Enhanced environmental monitoring will support Scotland’s journey to net zero and beyond, thanks to a new partnership between the University of Stirling and the Scottish Environment Protection Agency (SEPA).

The Sustainable Growth Agreement (SGA) signed Friday, January 28 will enable the scaling up of Stirling’s state-of -the-art environmental monitoring of the Firth of Forth catchment to support nationwide objectives, creating a dashboard that can provide hyper-local, real-time flood data and forecasting, for example.

The partnership will also provide open data on the performance and benefits of a range of environmental interventions and nature-based solutions, such as peatland restoration, tree planting, carbon offsetting or improved water management. This will ultimately enable communities, local authorities, policy makers and emergency response units to make better-informed decisions, creating jobs and new infrastructures for a net zero economy.

The University of Stirling’s recently launched Forth Environmental Resilience Array (Forth ERA) combines sensors, satellites, artificial intelligence and digital fabric, such as 5G, to monitor the Firth of Forth catchment in near and real time.

Combined and expanded with SEPA’s sophisticated flood and drought forecasting, as well as hyper-local data from communities, individuals and social media, the resulting nationwide data will increase Scotland’s resilience to extreme weather events.

Academic lead of Forth ERA and Scotland’s Hydro Nation Chair, Professor Andrew Tyler, said: “We will enhance SEPA’s already sophisticated modelling by bringing in satellites to more accurately measure the levels of moisture in soil, for example, allowing us to predict more accurately the likelihood of a flood or water scarcity.

“The data we collect will enable us to develop nature-based solutions that invest in our natural capital, such as peatland restoration, to better regulate the water in our environment in times of both flood and drought.”

Flood forecasting lead at SEPA, Michael Cranston, said: “This partnership will allow us to create a new, national platform that can be shared with local authorities, the police and communities, both to improve the data itself and to facilitate better action planning, ultimately reducing the impact of flooding. It allows SEPA and the University of Stirling to tap into each others’ expertise, improving the information we both hold and making it available to others.”

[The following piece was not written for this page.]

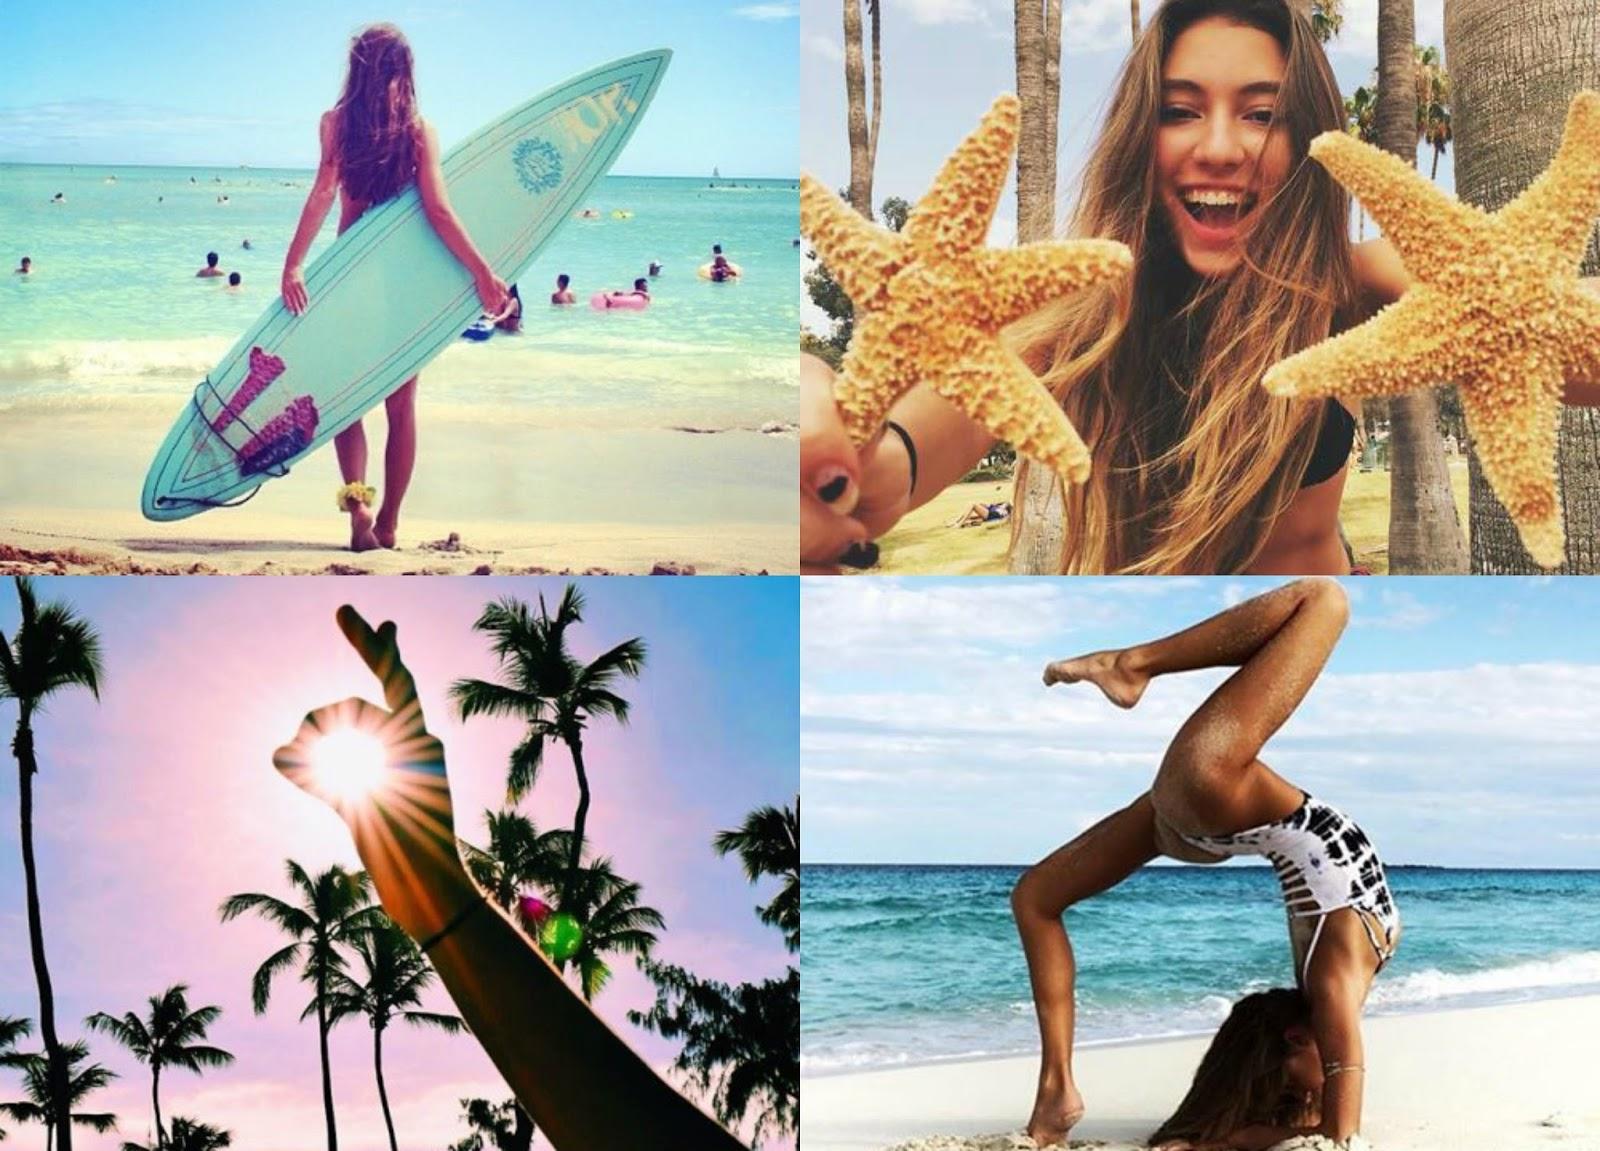 Inspiração para tirar fotos no verão #1

The SGA is the first agreement signed under Scotland’s International Environment Centre, established as part of the Stirling and Clackmannanshire City Region Deal and led by the University of Stirling. The SGA sets out how both partners will work together on a variety of ambitious projects to explore how combining expertise, sharing resources and reducing duplication can maximise outcomes and help deliver a just transition to net zero.

Projects include the Leven Programme, led by SEPA, which brought together organisations from the public, private and third sectors to restore the River Leven, and is now becoming a catchment-wide community regeneration programme. The University of Stirling will contribute Forth ERA technology and expertise to enhance water monitoring of the Leven, and will contribute to the development of  a net zero regulatory hub at Grangemouth.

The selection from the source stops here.